19. The storage medium of claim 12, wherein, When the computer-readable instructions are executed by the processor, the following steps are also performed: A timed cleanup task is performed on the target video content source channel at preset intervals. The scheduled cleanup task is used to obtain a first difference between a first timestamp and a second timestamp; the first timestamp is the absolute timestamp of the slice start time corresponding to the first node in the target channel index red-black tree; the second timestamp is the absolute timestamp of the slice start time corresponding to the first node in the target channel index linked list. The timed cleanup task is also used to delete the video slice file corresponding to the starting node and release the memory resources of the video slice information maintained by the starting node when the first difference is greater than the preset protection duration.

20. The storage medium of claim 19, wherein, The scheduled cleanup task is also used to obtain a second difference between the current timestamp and the first timestamp; the scheduled cleanup task is also used to delete the first node in the target channel index red-black tree if the second difference is greater than the preset maximum playback duration.

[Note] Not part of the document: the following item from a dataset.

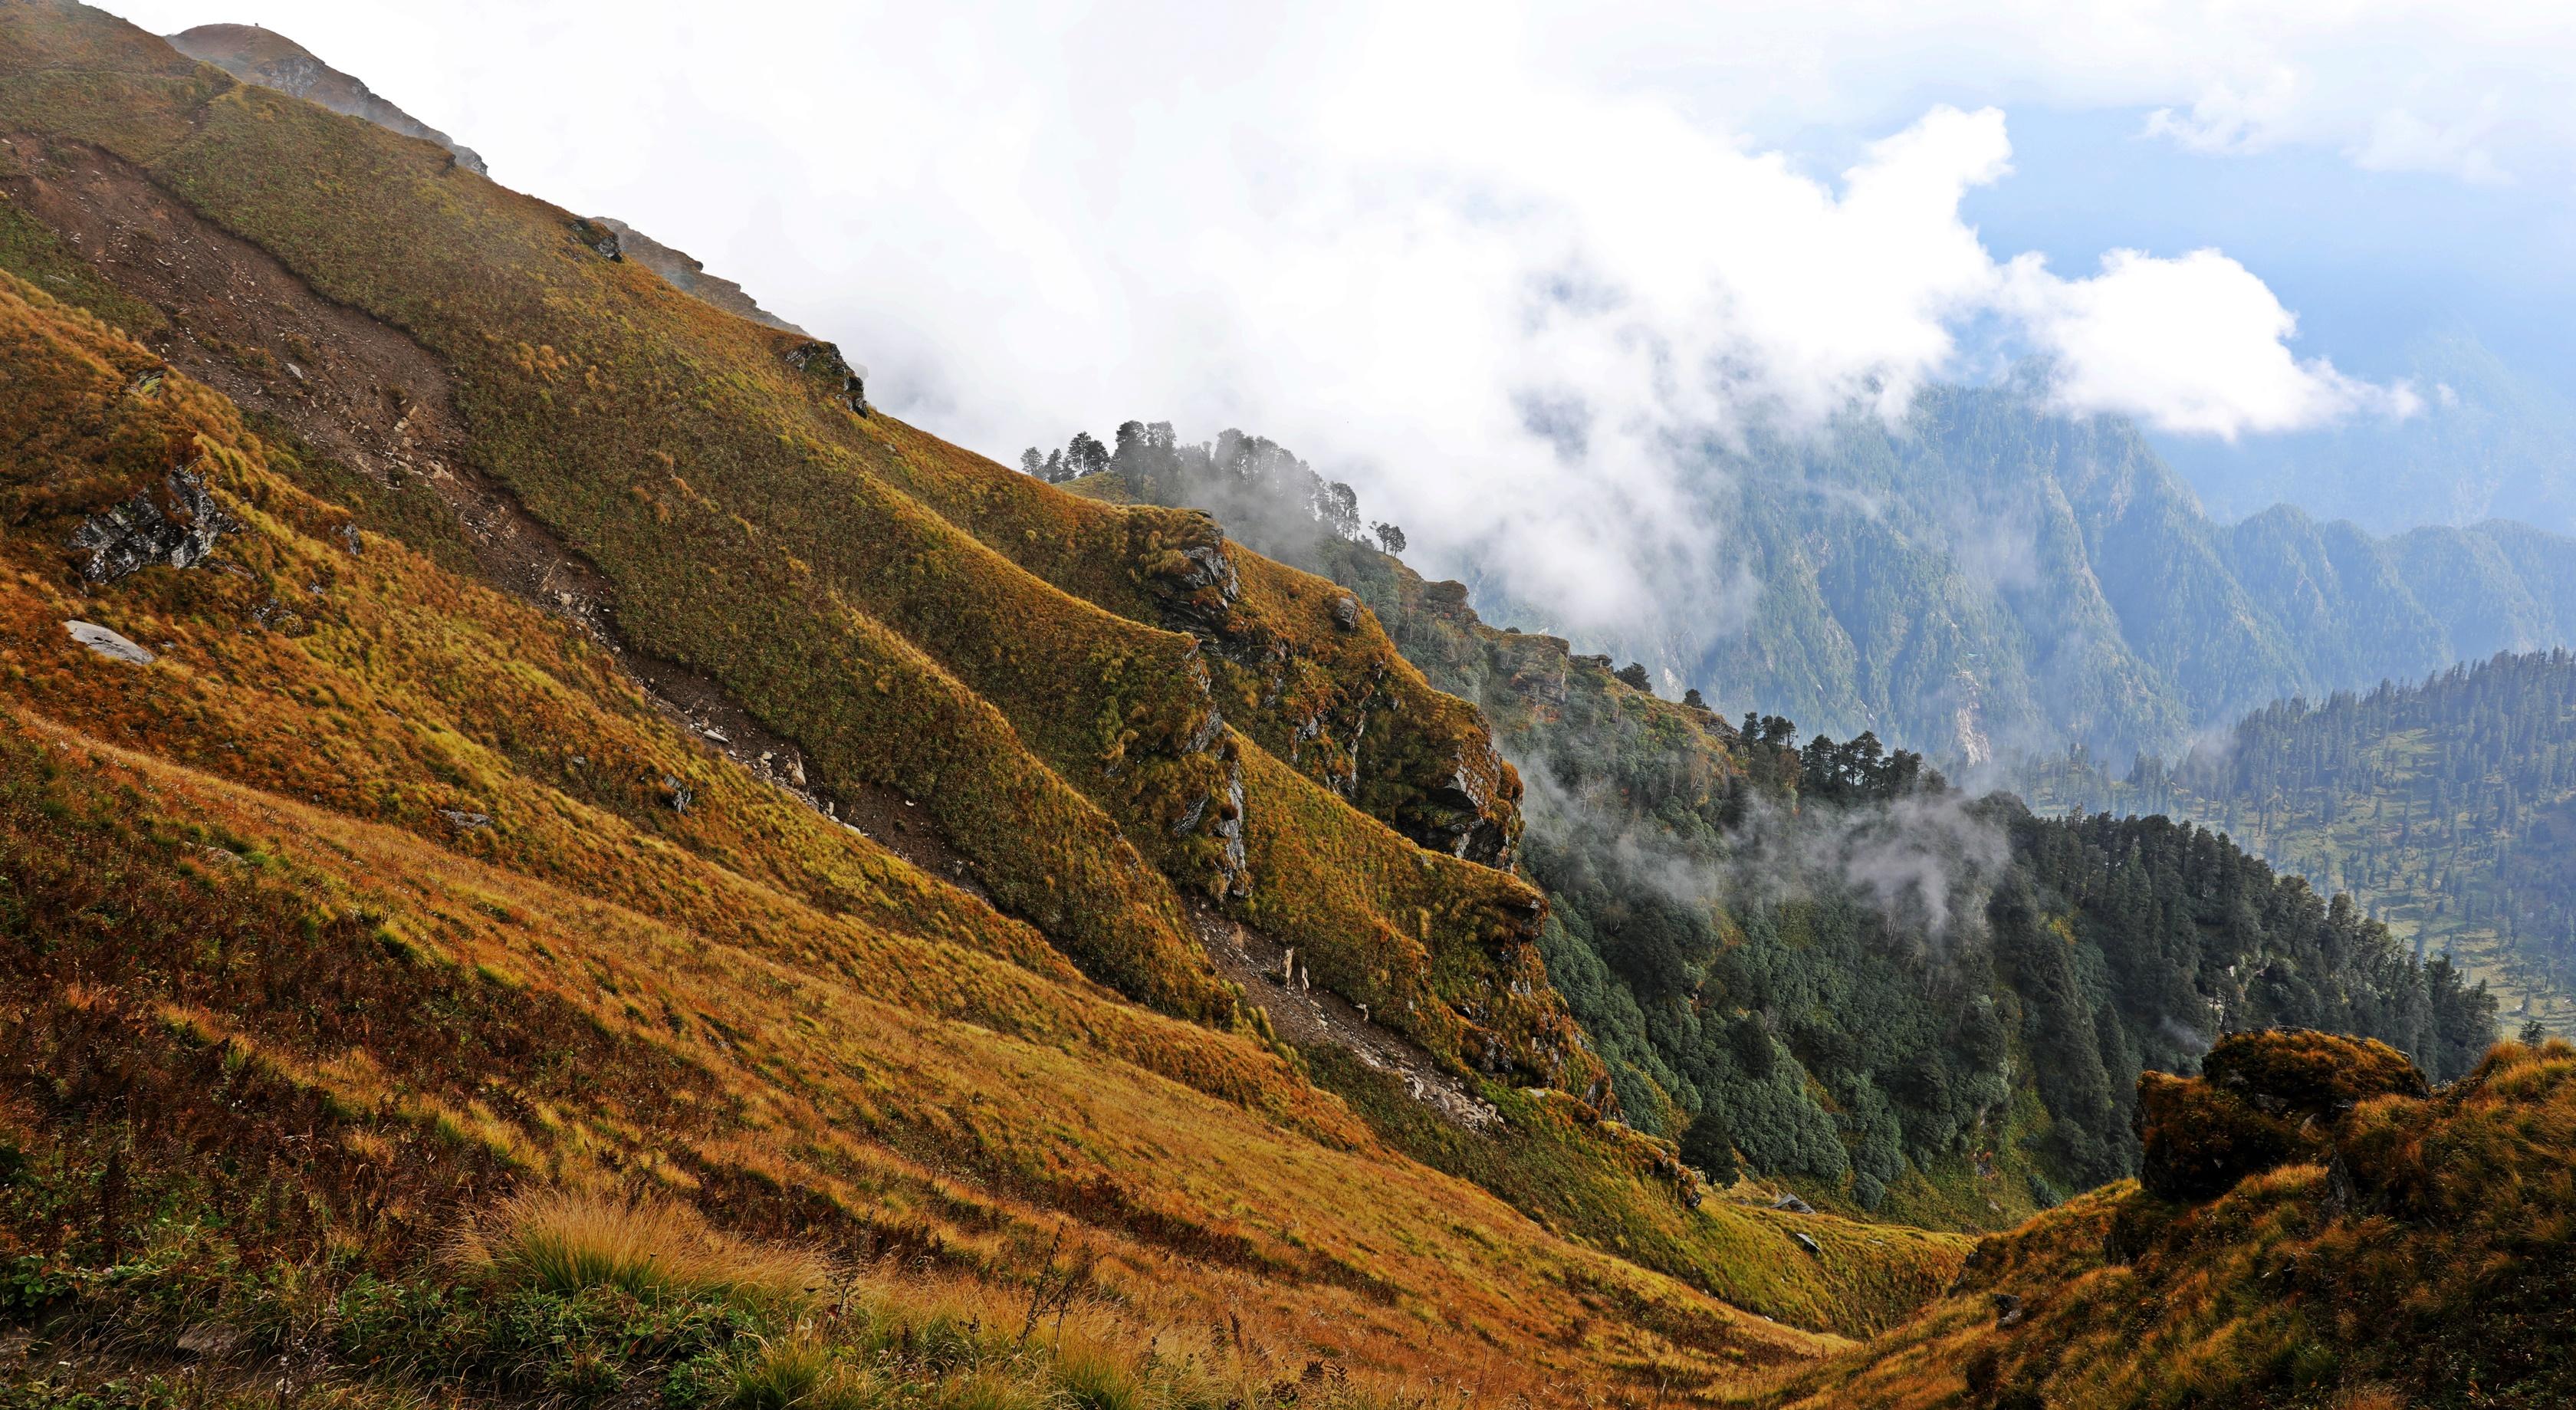 Mountain ridge on the Naggar to Malana Trek

21. A computer program product comprising a computer program that, when executed by one or more processors, causes the one or more processors to perform the following steps: Receive a video playback request sent by the client; the video playback request is used to request video content from the target video content source channel within the time range from the first time to the second time. In the target channel index red-black tree corresponding to the target video content source channel in the channel shared index structure, a first index node matching the first time and a second index node matching the second time are queried; the target channel index red-black tree includes index nodes corresponding to multiple video slice files originating from the target video content source channel; each index node is inserted into the target channel index red-black tree with the timestamp information of the corresponding video slice file as the key; and In the target channel index chain list corresponding to the target video content source channel in the channel shared index structure, the video slice files corresponding to each index node between the first index node and the second index node are traversed and returned to the client. The target channel index linked list is used to indicate the time order of each index node in the target channel index red-black tree.